Гипотеза, говорит Рикёр, состоит в том, что социальные науки являются герменевтическими, «1) поскольку их объект обнаруживает некоторые черты, конститутивные для текста как такового, 2) поскольку в их методологии разрабатываются процедуры, аналогичные процедурам “Auslegung” или интерпретации текста» [Рикёр, 2008, c. 25]. Отсюда вытекают и задачи: необходимо выяснить, продолжает он, «до какой степени понятие текста можно рассматривать в качестве парадигмы так называемого объекта социальных наук и насколько мы можем использовать методологию интерпретации текста как парадигму интерпретации в социальных науках» [Рикёр, 2008, c. 25]. Методологический вопрос, таким образом, поставлен в зависимость от вопроса о самом объекте. Именно потому, что действие отчасти подобно тексту, его и можно толковать, подобно тексту. Но к действию Рикёр переходит лишь после того, как дает характеристику дискурсу как событию языка. Он говорит также и по-другому: «речь как событие», «исполнение языка в дискурсе» [Рикёр, 2008, c. 26]. Событийная действительность дискурса противопоставляется относительно устойчивой системе языка.
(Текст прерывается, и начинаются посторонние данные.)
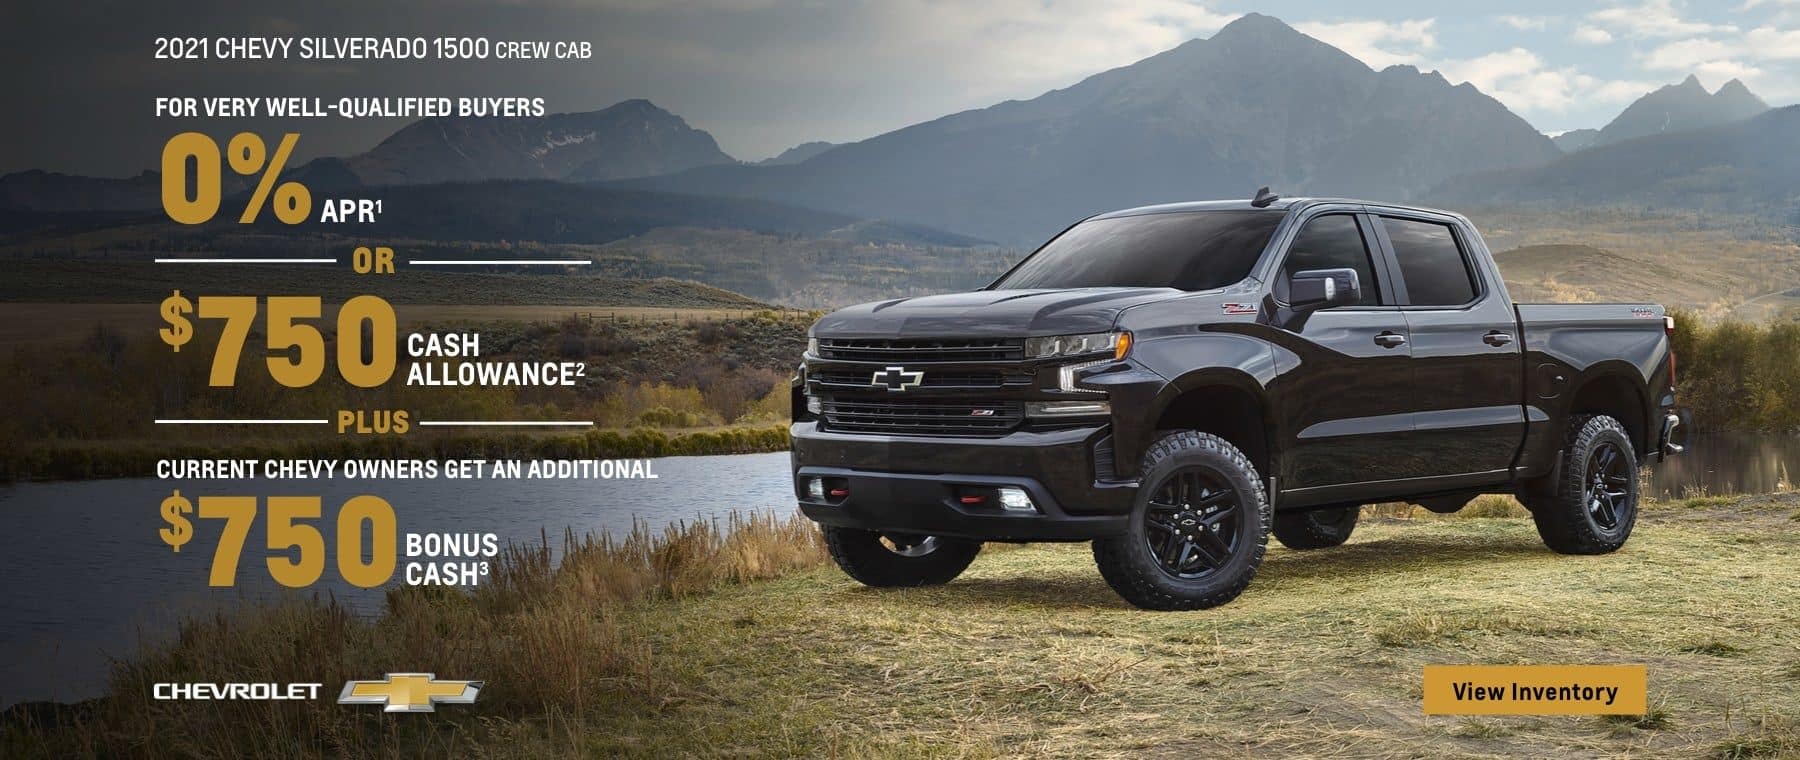 2021 Chevy Silverado 1500 Crew Cab. For very well-qualified buyers 0% APR. Or, $750 cash allowance. Plus, current Chevy owners get an additional $750 bonus cash.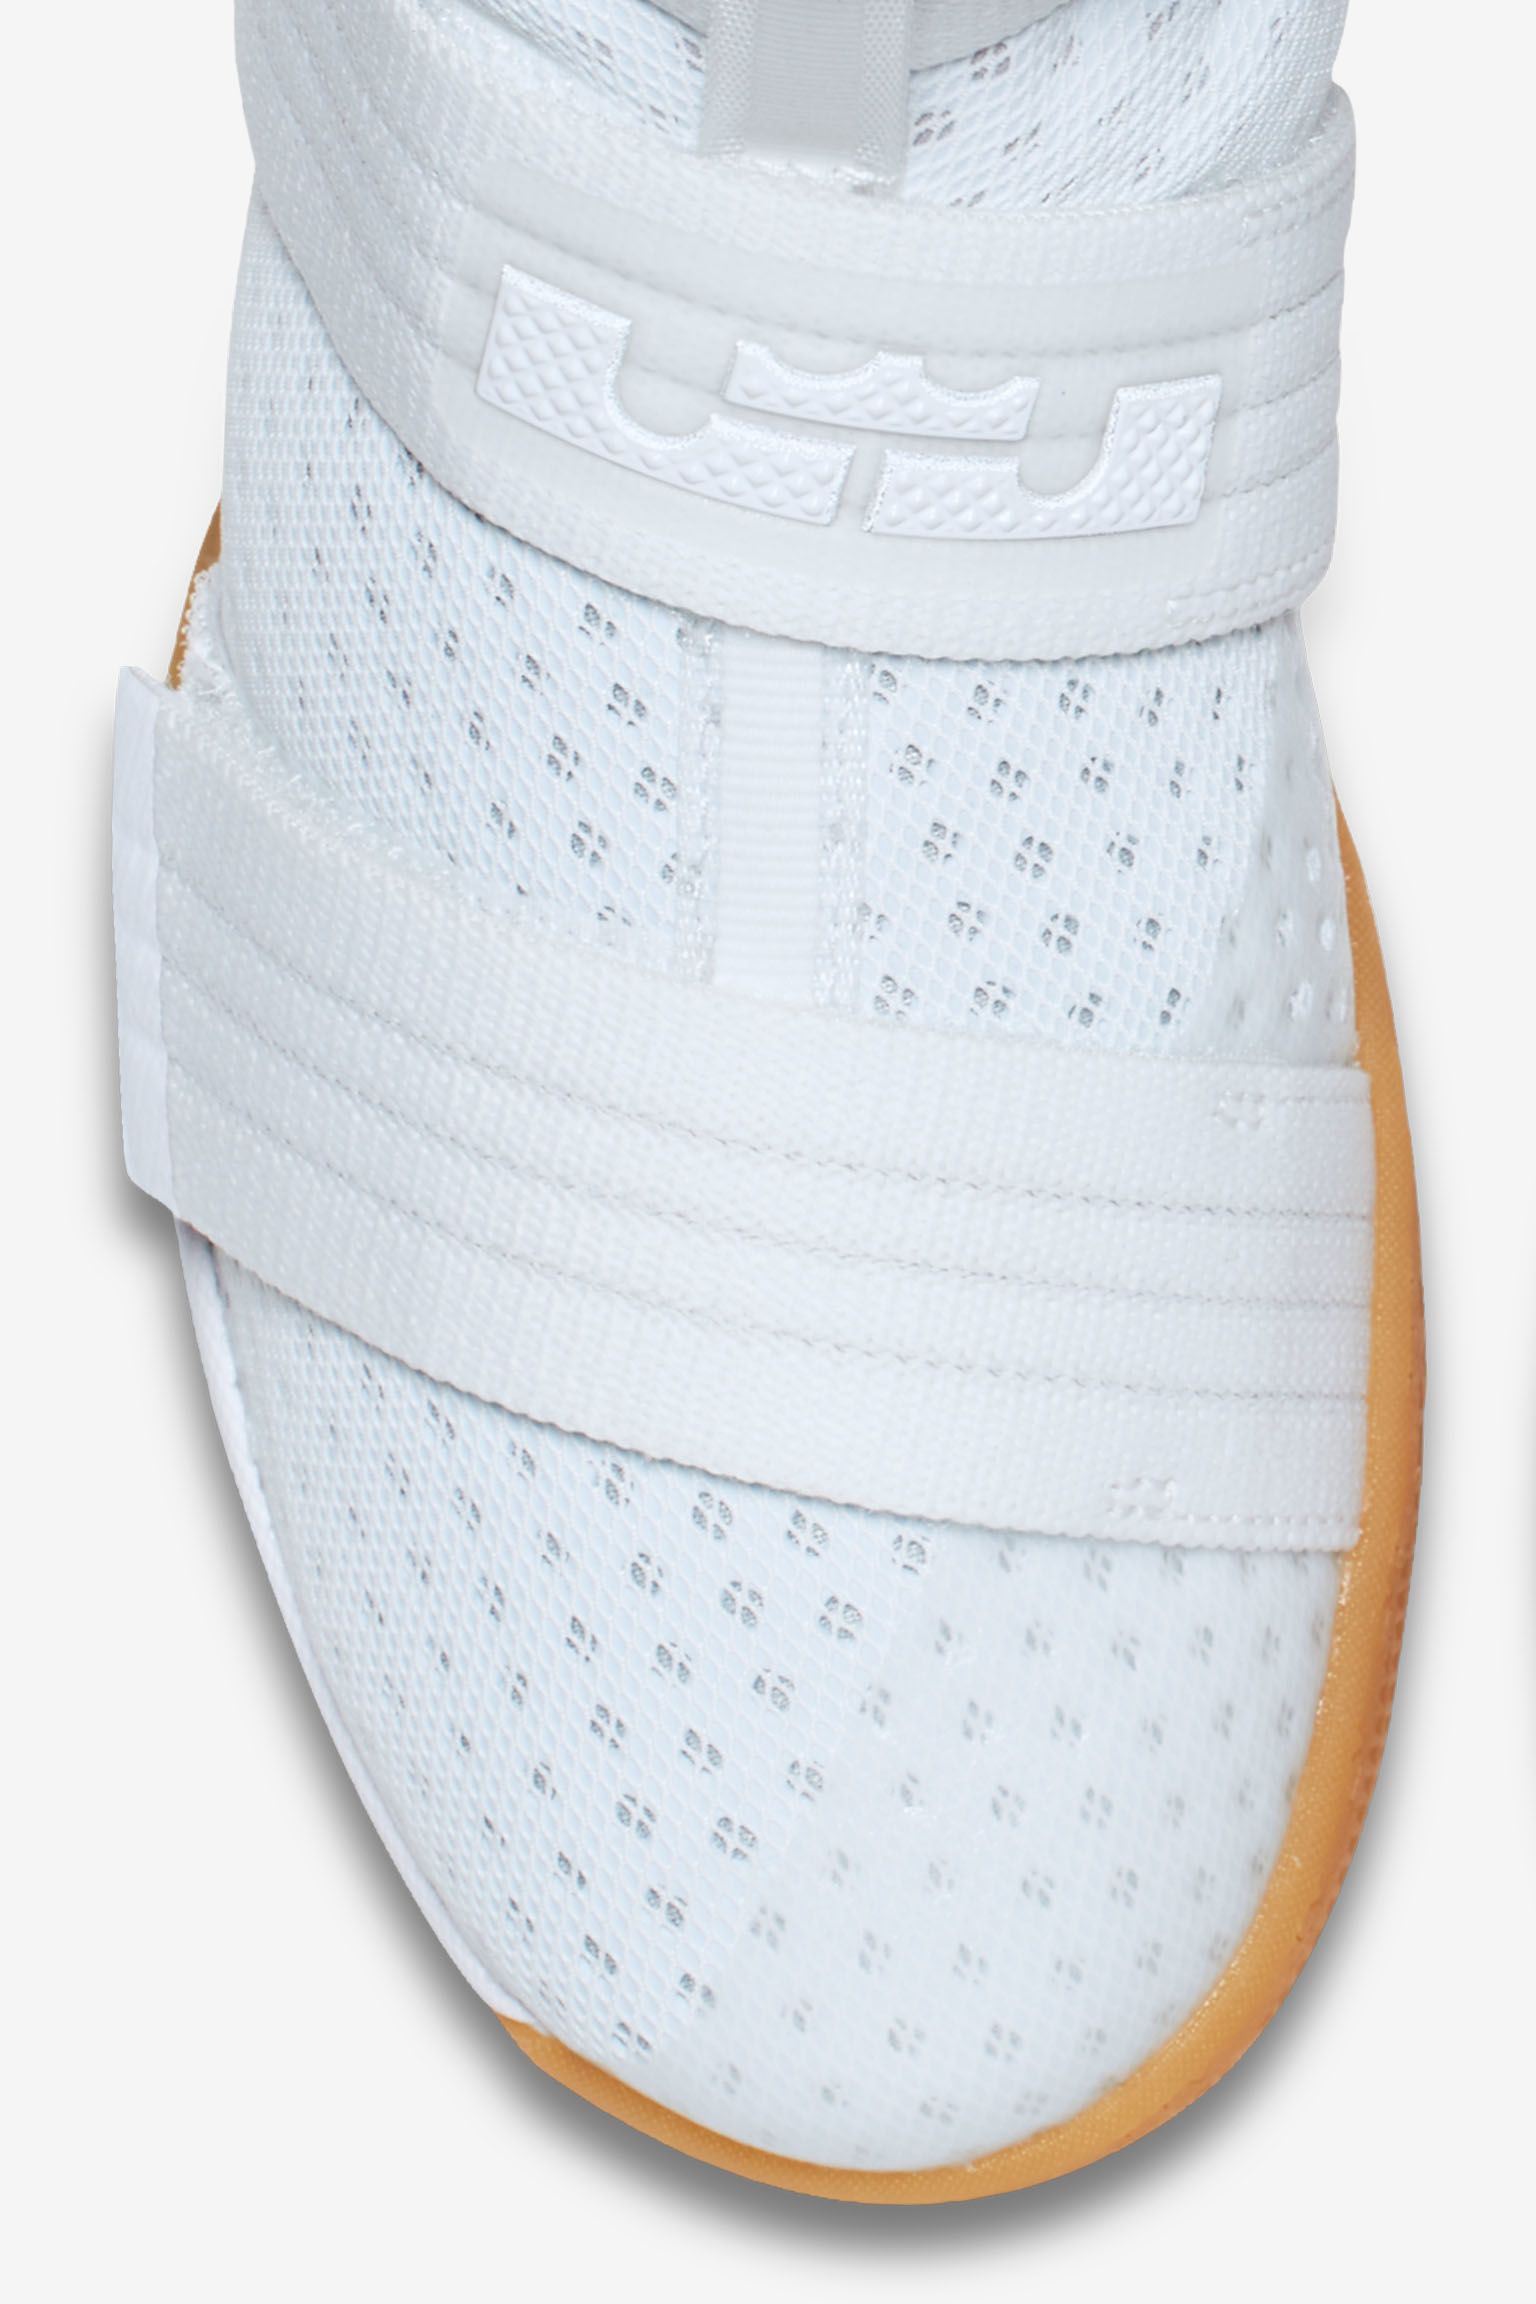 lebron soldier 10 all white

Дискурс моментален (совершается когда?то), персонализирован (совершается кем?то, содержит в себе референцию к говорящему), а также разомкнут, т.е. отсылает не только к своей собственной истории, но прежде всего к миру (о чем говорят) и к участникам (для кого говорят).

Зафиксируем здесь пока что следующее: Рикёр различает пребывание системы (языка) и преходящий характер дискурса. Язык исполняется в дискурсе, событие дискурса есть только в настоящем, поэтому для истолкования дискурса его ноэма должна быть запечатлена, зафиксирована. Рикёр подчеркивает, что фиксируется именно смысл сказанного, а не событие говорения[22 - Заметим попутно, что смысл этого события как события тоже может быть фиксирован, если будет запечатлен как смысл события наблюдения за говорением. К этому мы еще вернемся.]. Итак, система языка действительна как некий ресурс возможностей, она актуализируется через исполнение посредством высказываний, которые названы моментальными (значение моментальности не расшифровано), а поскольку все моментальное исчезает, нам остается схватить пребывающее в моментальном, т.е. смысл, который, будучи запечатлен, обретает характер пребывания. Смысл, говорит Рикёр, превосходит событие. Сначала – как ноэма говорения. Затем – как «диссоциация буквального смысла текста и внутренней интенции рассказчика при запечатлении дискурса» [Рикёр, 2008, c. 28]. В третий раз – через отсылку к миру в целом или некоему миру. «В устной речи диалог непосредственно относится к ситуации, общей для собеседников. Эта ситуация в некотором смысле окружает диалог. Ее ориентиры могут быть показаны жестом, или на них можно указать пальцем, или обозначить их остенсивным способом самим дискурсом путем косвенной референции…» [Рикёр, 2008, c. 28]. Таким образом Рикер приходит к рассуждению о неостенсивной референции. Подобно тому, говорит он, как записанный текст освобождается от ситуационных интенций говорящего, он «освобождает свою референцию от ограничений остенсивной референции. Для нас мир – это совокупность референций, открываемых текстами» [Рикёр, 2008, c. 28].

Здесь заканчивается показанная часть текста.